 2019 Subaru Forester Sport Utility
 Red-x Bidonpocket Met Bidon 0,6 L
=-=-=
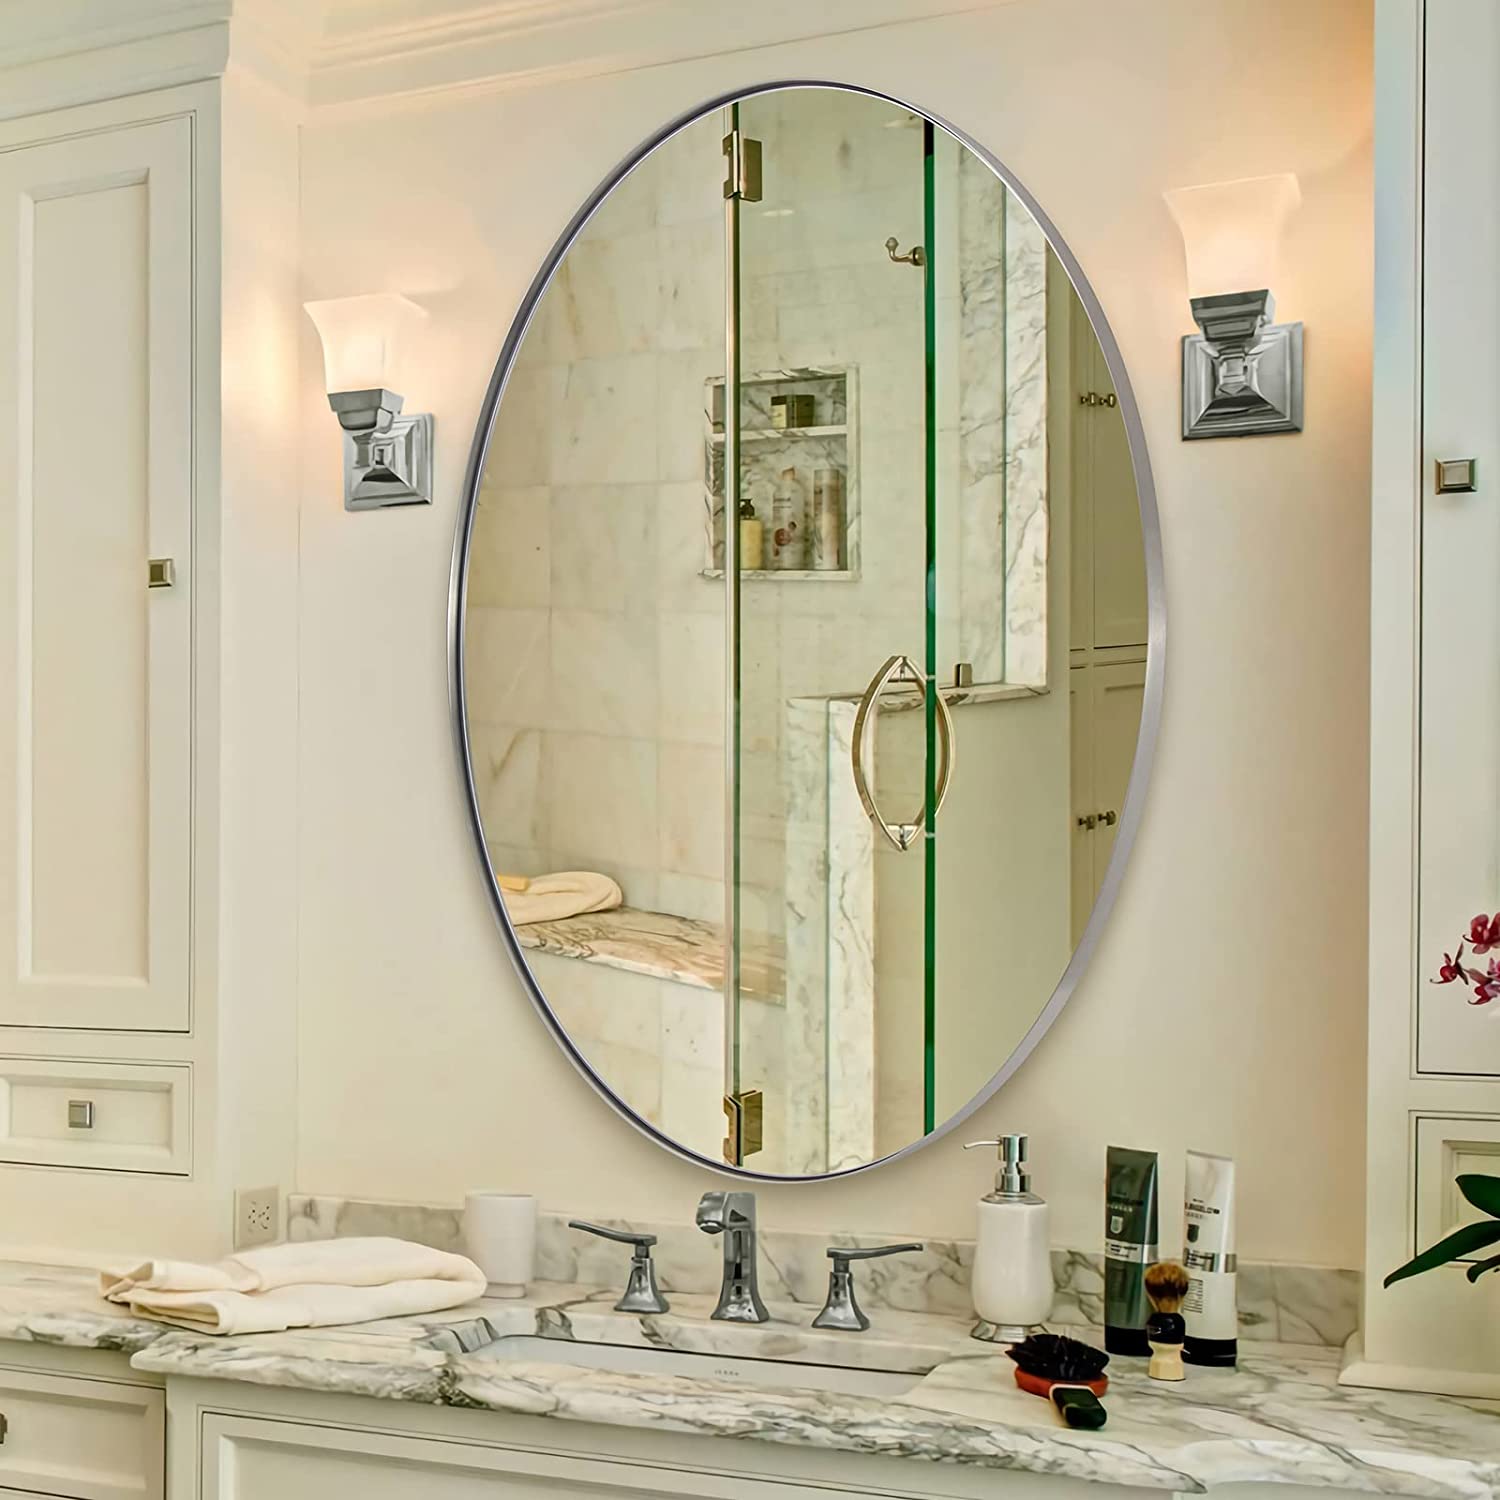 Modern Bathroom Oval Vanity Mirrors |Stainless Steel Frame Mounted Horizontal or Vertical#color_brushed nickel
=-=-=
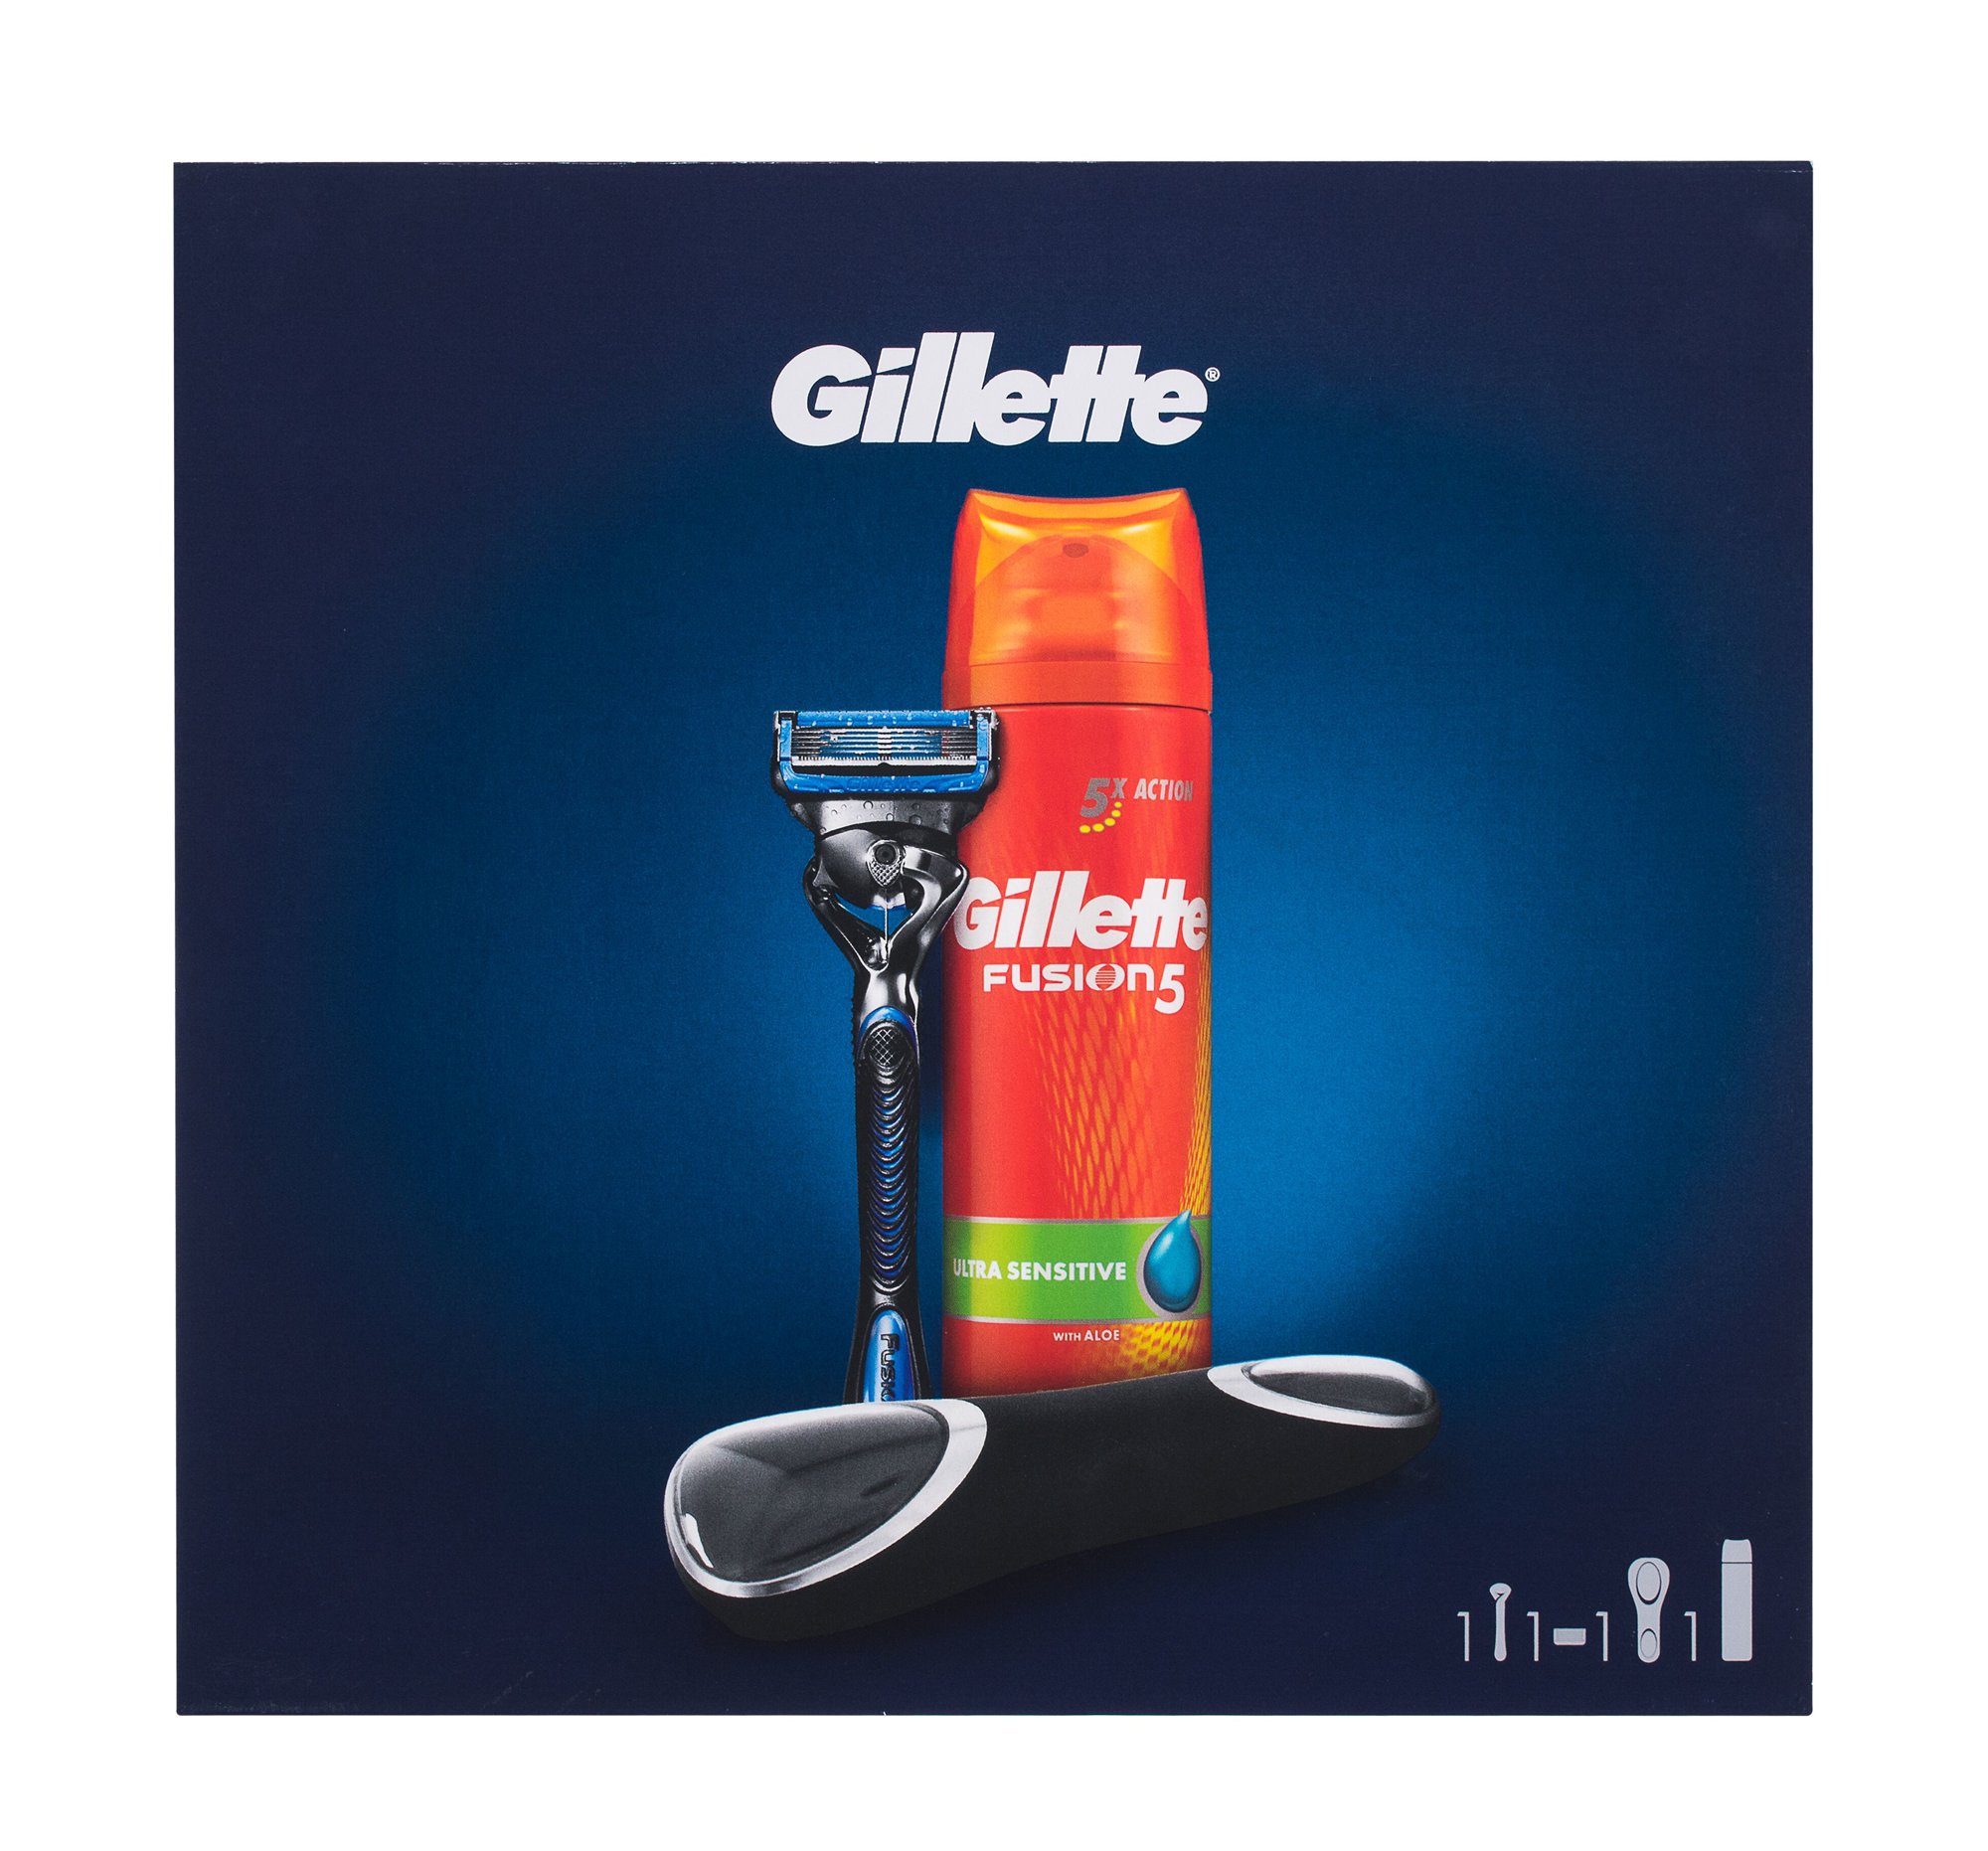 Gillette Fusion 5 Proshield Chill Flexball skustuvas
=-=-=
**WHAT NEEDS TO BE DONE:** The line above containing "2019 Subaru Forester Sport Utility", the line containing "Red-x Bidonpocket Met Bidon 0,6 L", and every line between them are to be transcribed exactly; no other line is wanted.

**YOUR SOLUTION:**
 2019 Subaru Forester Sport Utility
 Red-x Bidonpocket Met Bidon 0,6 L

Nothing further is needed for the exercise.